Welcome to my crazy world of real food cooking ...

Eat Food. Not too much. Mostly Plants. -- Michael Pollan

I wish I could take credit for that because I think it sums up how we should eat. Simply -- eat stuff that really is food, instead of stuff that is food like substance. The supermarket is almost entirely food-like-substances, and, my friends, you should probably never ever eat them.

Fortunately, there is a world of deliciousness out there, and it can all be had in a way that not only doesn't harm your health, but in a way that benefits you hugely.

I think it's important to eat stuff that satisfies you, that keeps your blood sugar stable, and that gives you stuff your body really needs to run optimally.

But baby, it's gotta taste good.

I really like getting experimental in the kitchen. I love cooking, I love layering flavours, and I love coming up with really super yummy food. I have very strong opinions about what constitutes food, and there are a lot of things I won't touch in the kitchen. Bottom line? Pretty much everything I make is ridiculously good for you even if it tastes decadent. Although there are occasional big fat cheats ... but even those stick to real food, my friends.

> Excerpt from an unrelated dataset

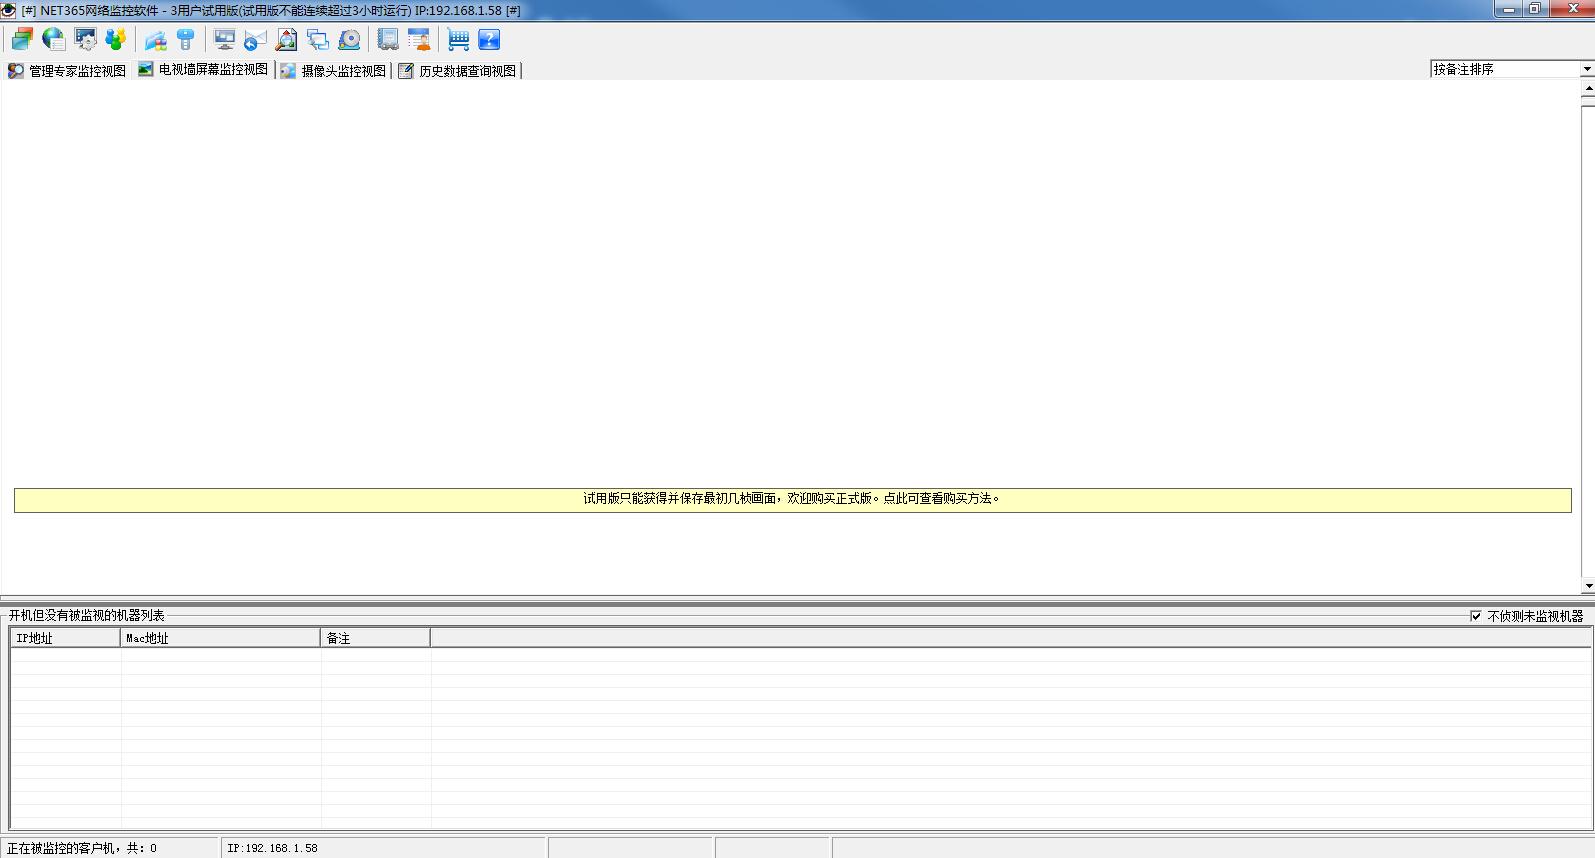 NET365网络监控软件截图4

For food that is usual gluten free, usually free of cane sugar, usually super low on the glycemic index, full of protein, fiber, flavour, and excellent energy, join me and Alice down the rabbit hole.

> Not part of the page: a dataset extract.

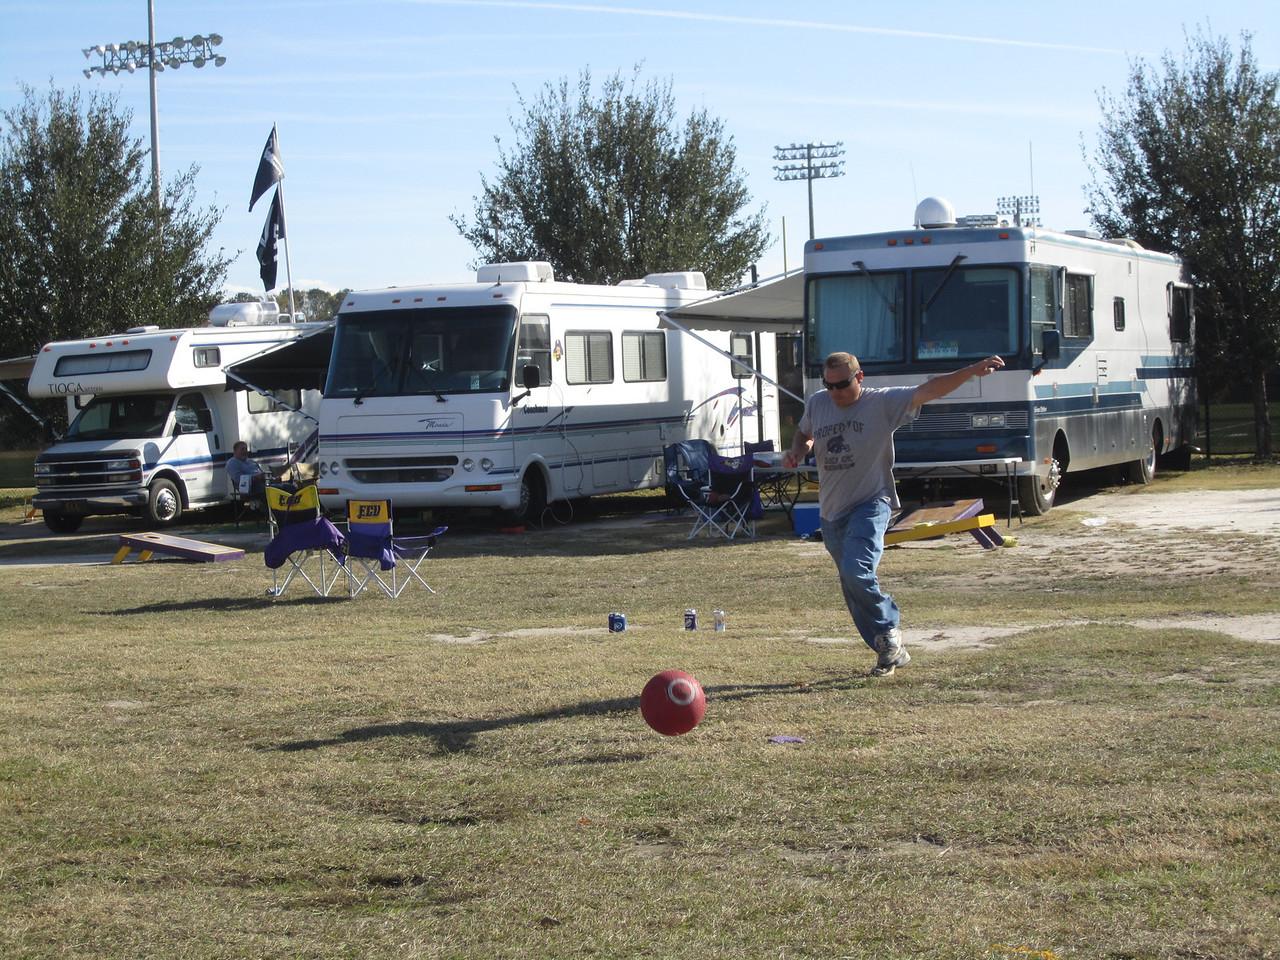 11/19/2011 ECU vs University of Central Florida - JG playing kickball

Every recipe on this blog is my own original effort and idea, so please pass 'em on, giving credit where credit is due.

Many thanks, and come back often. I'm really glad you are here!

:)

Saturday, 14 January 2012

Honey Cookies with hemp flour and lotsa seeds

Mama got a brand new batch of hemp flour. It's good stuff. Be prepared, I warn you, for some recipes featuring this quite fabulous ingredient.

For cookies that are gluten free and high in protein, you can give these a whirl.






ingredients:

1/4 cup extra virgin coconut oil
1/2  cup unpasteurized honey
1 tbsp apple cider vinegar
2 eggs

1/2 tsp sea salt
2 tsp ground vanilla bean
1 tsp cinnamon

1/4 cup chia seeds
1 cup flax meal
1 cup shredded coconut

1/2 tsp baking soda
1/2 cup hemp flour
1 1/2 cups almond flour


directions:

preheat the oven to 345

1.  combine the ingredients in the order listed
2. drop by spoonful on a lined baking sheet
3. flatten with a wet fork
4. bake at 345 for 14-16 minutes
5. store when fully cool in an airtight container

These might disappear from the cooling rack when your back is turned.